Festspielhaus, Bayreuth
July 25th, 2013
Daland - Franz-Josef Selig
Senta - Ricarda Merbeth
Erik - Tomislav Mužek
Mary - Christa Mayer
Der Steuermann - Benjamin Bruns
Der Holländer - Samuel Youn
Conductor - Christian Thielemann
Director - Jan Philipp Gloger
Sets - Christof Hetzer
Costumes - Karin Jud
Lighting - Urs Schönebaum
Video - Martin Eidenberger
Orchestra and chorus of the Bayreuth Festival
I didn't much like Jan Philipp Gloger's staging of Der fliegende Holländer when it premiered at the Bayreuth Festival last year.
I found his decision to update the action to the present merely gratuitous and it offered no new insights.
Casting the Dutchman as a snappily-suited businessman who makes his first appearance with a trolley suitcase and a Starbucks coffee in his hand was simply gimmicky.
Admittedly, the opening scene is visually impressive: Daland and the Steersman are adrift in a small dinghy in some gigantic super-computer.
But that is as strong as the production gets.
And it's all downhill from there.
OK, there are some nice touches: the spinning scene is a factory floor where the women pack portable electric fans. And Erik is the factory's handyman and a likeable loser.
But that's about it.
Gloger's "reinterpretation" might be acceptable in an ambitious opera house somewhere in the provinces, but worthy of Bayreuth's fabled Green Hill it certainly was not.
For its first revival as opening night of the Bicentenary Bayreuth Festival, Gloger has added a few changes.
But they're primarily cosmetic -- Senta's dress is now black instead of red. And, artistic free spirit that she is, she splashes black paint on the cardboard sculpture she makes while the other factory girls sing their spinning song.
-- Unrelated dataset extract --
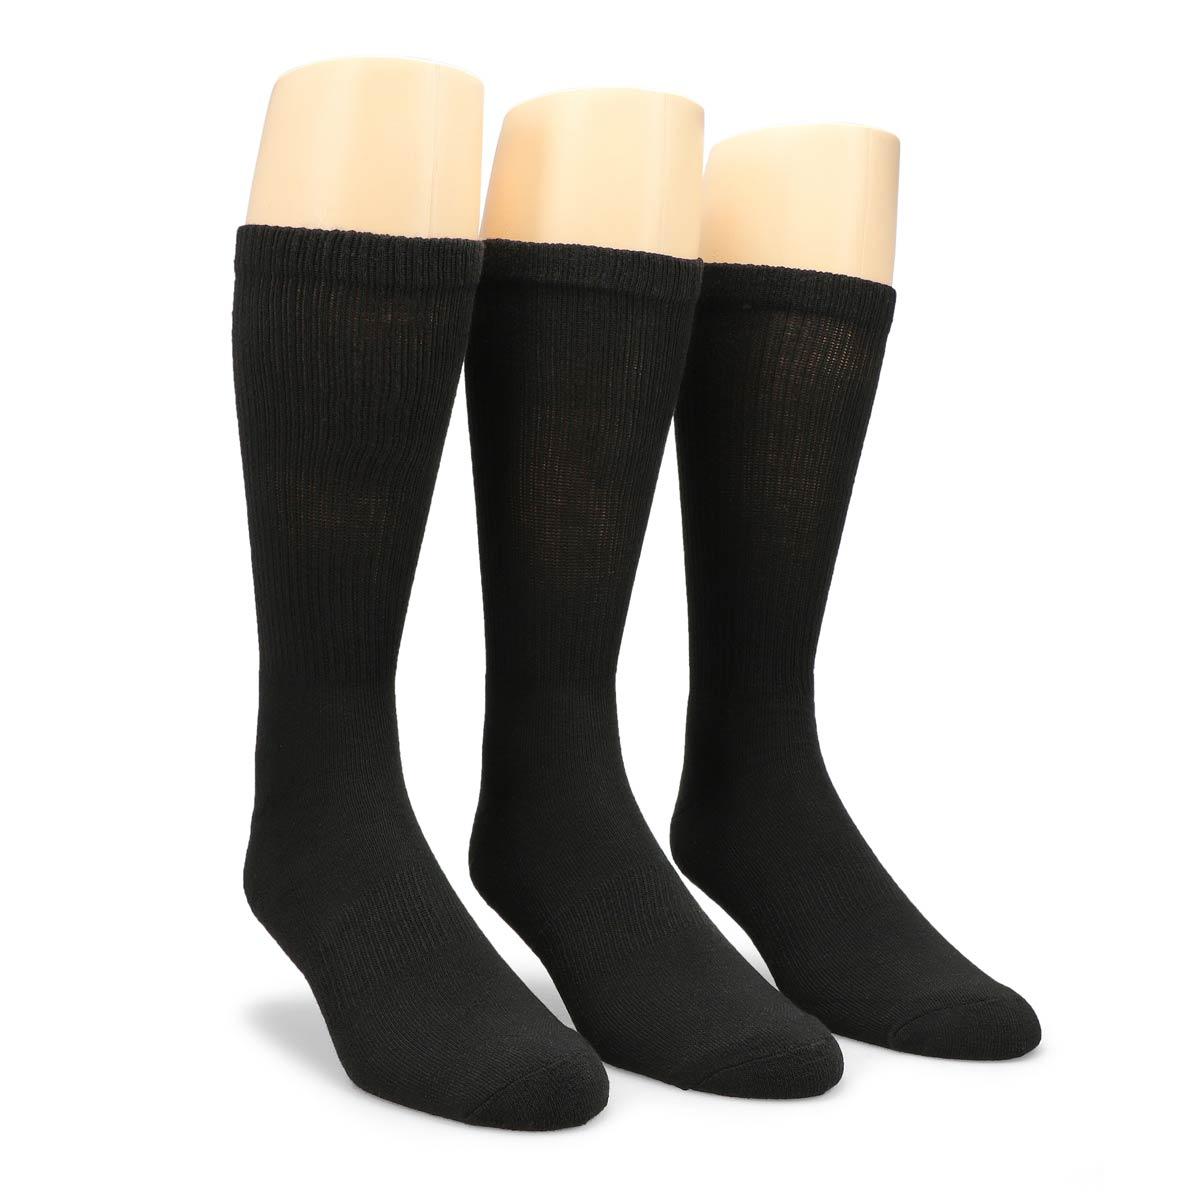 Men's Converse Half Cushion Crew Sock - Black

The model she makes isn't of the Dutchman's ship, either, as it was a year ago. But of the Dutchman himself, looking more than a little like an artwork by Stephan Balkenhol.
And the cardboard wings she pins on to become the Dutchman's "angel" were not the childish butterfly wings we saw last year, but larger more sinister black ones, turning her into some sort of Angel of Death.
Video projections have been added to, massive globs of black paint that dribble down the factory walls.
Maybe because I've now seen the production three times -- twice last year and once this year -- I found the storyline more coherent than on the first encounter.
The Dutchman is a businessman of limitless wealth, but suffering from existential ennui and the general emptiness of modern life, self-mutilating, bored by money and freely available sex.
Senta is the spoilt daughter of a factory owner who doesn't hesitate to pair her off with a wealthy suitor.
Nevertheless, Gloger's updating still comes across as a little trite and I left asking myself, "So what?".
Vocally, the evening was similarly unspectacular, and a long way short of festspielwürdig.
Last year's Senta, Adrianne Pieczonka, is in a completely different league to Ricarda Merbeth, who only ever sounded really comfortable in her middle range. And she has a distracting wobble.
Samuel Youn simply hasn't got the vocal clout needed for the Holländer, and his intonation was frequently off, as it had been last year, too.
Franz-Josef Selig was much more satisfactory as Daland.
But it was Tomislav Mužek as Erik and Benjamin Bruns as the Steersman who both really stood out.
Bruns' voice is light, but has a pleasant burnish to it, and his diction was always clear.
Mužek was suitably plaintive as the downtrodden Erik, a big bulky bear of a man.
It almost goes without saying in Bayreuth that it was Christian Thielemann who really stole the show.
The Dutchman, for him, is no "Sturm und Drang" piece and his orchestra never sounds brash or loud.
Every detail and dynamic is carefully and expertly shaded, but never exaggeratedly so.
It seems that Thielemann can never do wrong in Bayreuth, anyway, just as he can't in Vienna.
But he deservedly got the most rapturous reception at the end of the evening.